Thursday, June 9, 2016

Paul Ryan, Donald Trump, And a Return to Congressional Government?

Last week’s announcement by House Speaker Paul Ryan that he will vote for presumptive Republican presidential nominee Donald Trump in November received widespread attention from political commentators. However, few noted the reason behind Mr. Ryan’s public endorsement of Trump: The speaker believes Mr. Trump will effectively cede policy-making authority to Republicans in Congress.

Writing in his hometown Janesville Gazette, the House speaker spent time outlining the agenda he has worked to frame since taking office in September—creating policy teams tasked with formulating an alternative to Obamacare, principles for tax reform, an anti-poverty agenda, and more. Noting that Hillary Clinton likely wouldn’t embrace the principles behind the Republican agenda, “we need a Republican president willing to sign [this agenda] into law,” he said.

Mr. Ryan clearly believes that “the House can be a driver of policy ideas”—in fact, he said as much in his article endorsing Trump. Mr. Ryan justified his endorsement of the businessman as a practical means to enact the agenda he and his fellow House Republicans are developing: “House Republicans are helping shape that Republican vision by offering a bold policy agenda, by offering a better way ahead. Donald Trump can help us make it a reality.”

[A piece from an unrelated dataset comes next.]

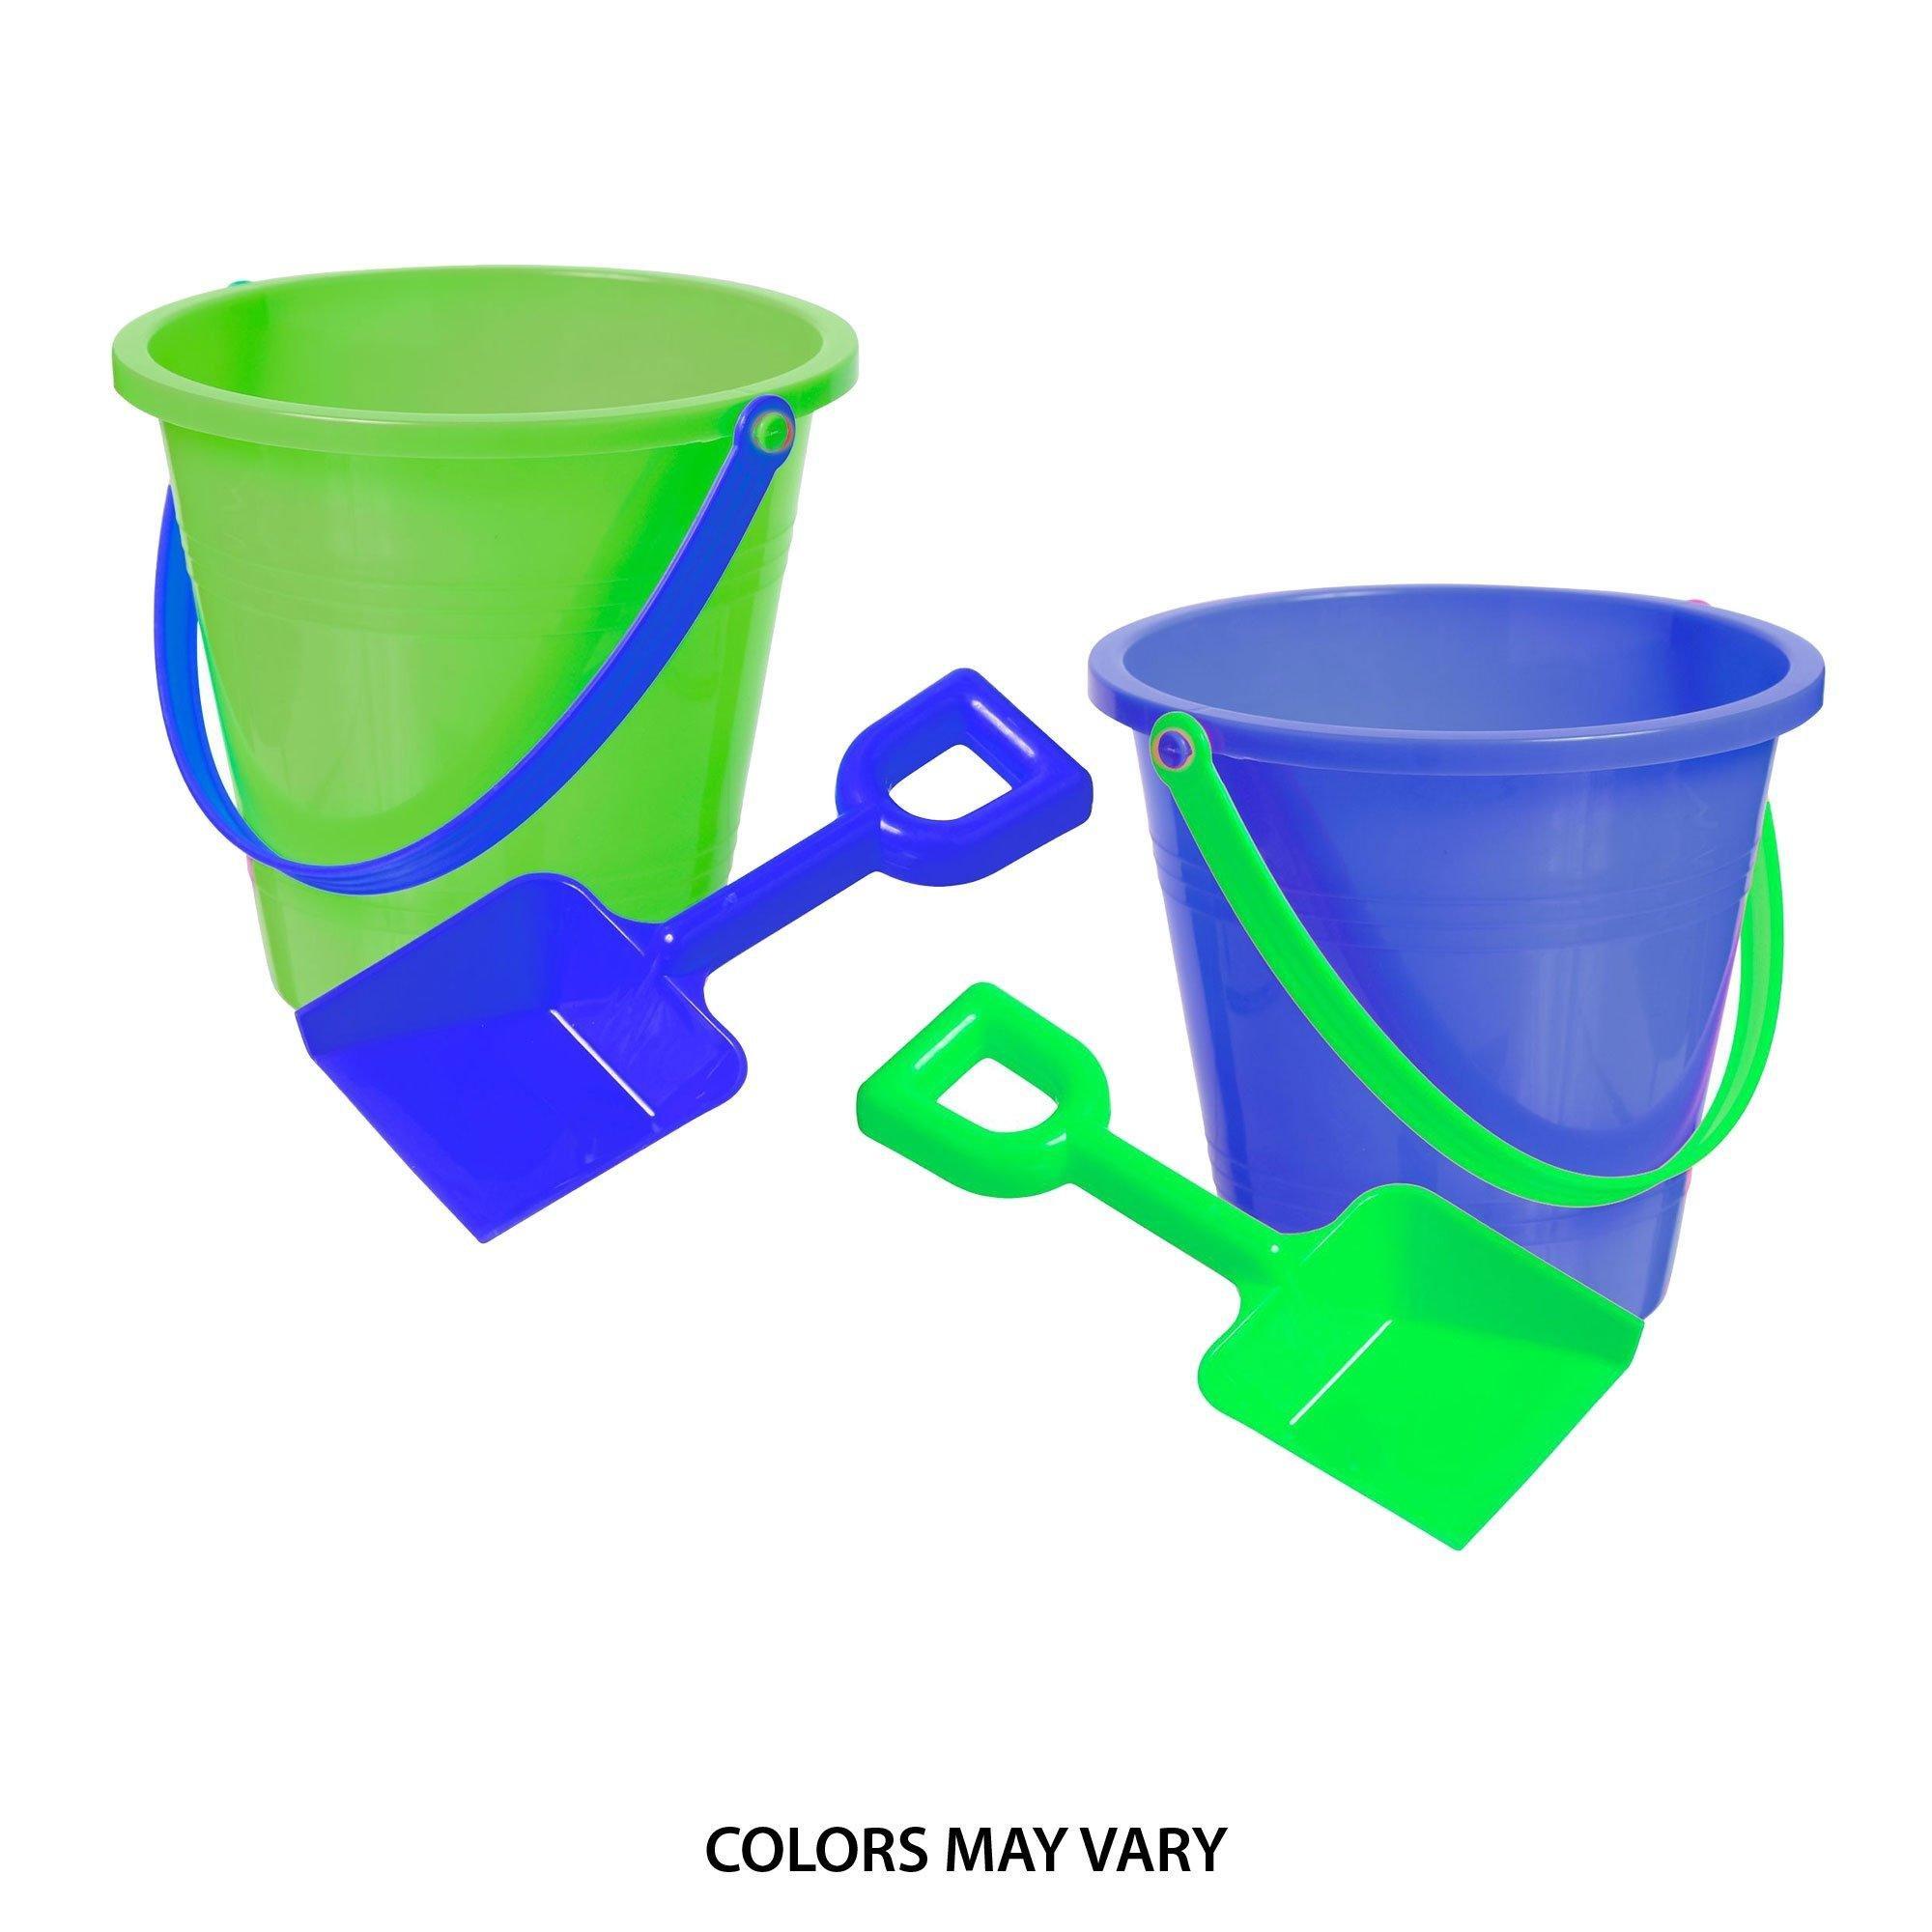 four colorful plastic buckets with handles on a dark background

What Mr. Ryan proposes—and what the speaker believes Mr. Trump has endorsed—would amount to the greatest ceding of a policy agenda from the executive to the legislature in over two decades. The arrangement echoes then-Speaker Newt Gingrich’s Contract with America, which dominated headlines following the 1994 Republican sweep of Congress. For a time, House Republicans so controlled the policy agenda that in April 1995, President Bill Clinton plaintively pleaded in a prime-time television news conference: “I am relevant. The Constitution gives me relevance.”

For all Mr. Trump’s ability to generate headlines or set Twitter alight, Mr. Ryan envisions a scenario where a President Trump, if not entirely irrelevant, would give Republicans in Congress the lead role in formulating a governing agenda. While Mr. Trump has thus far shown little interest in policy nuances, Mr. Ryan’s gambit appears based on the premise that, when and if he takes office, Mr. Trump will continue to outsource most of his agenda to Congressional Republicans. We’ll see if this arrangement will wear well for Speaker Ryan, Republicans in Congress, or Mr. Trump himself.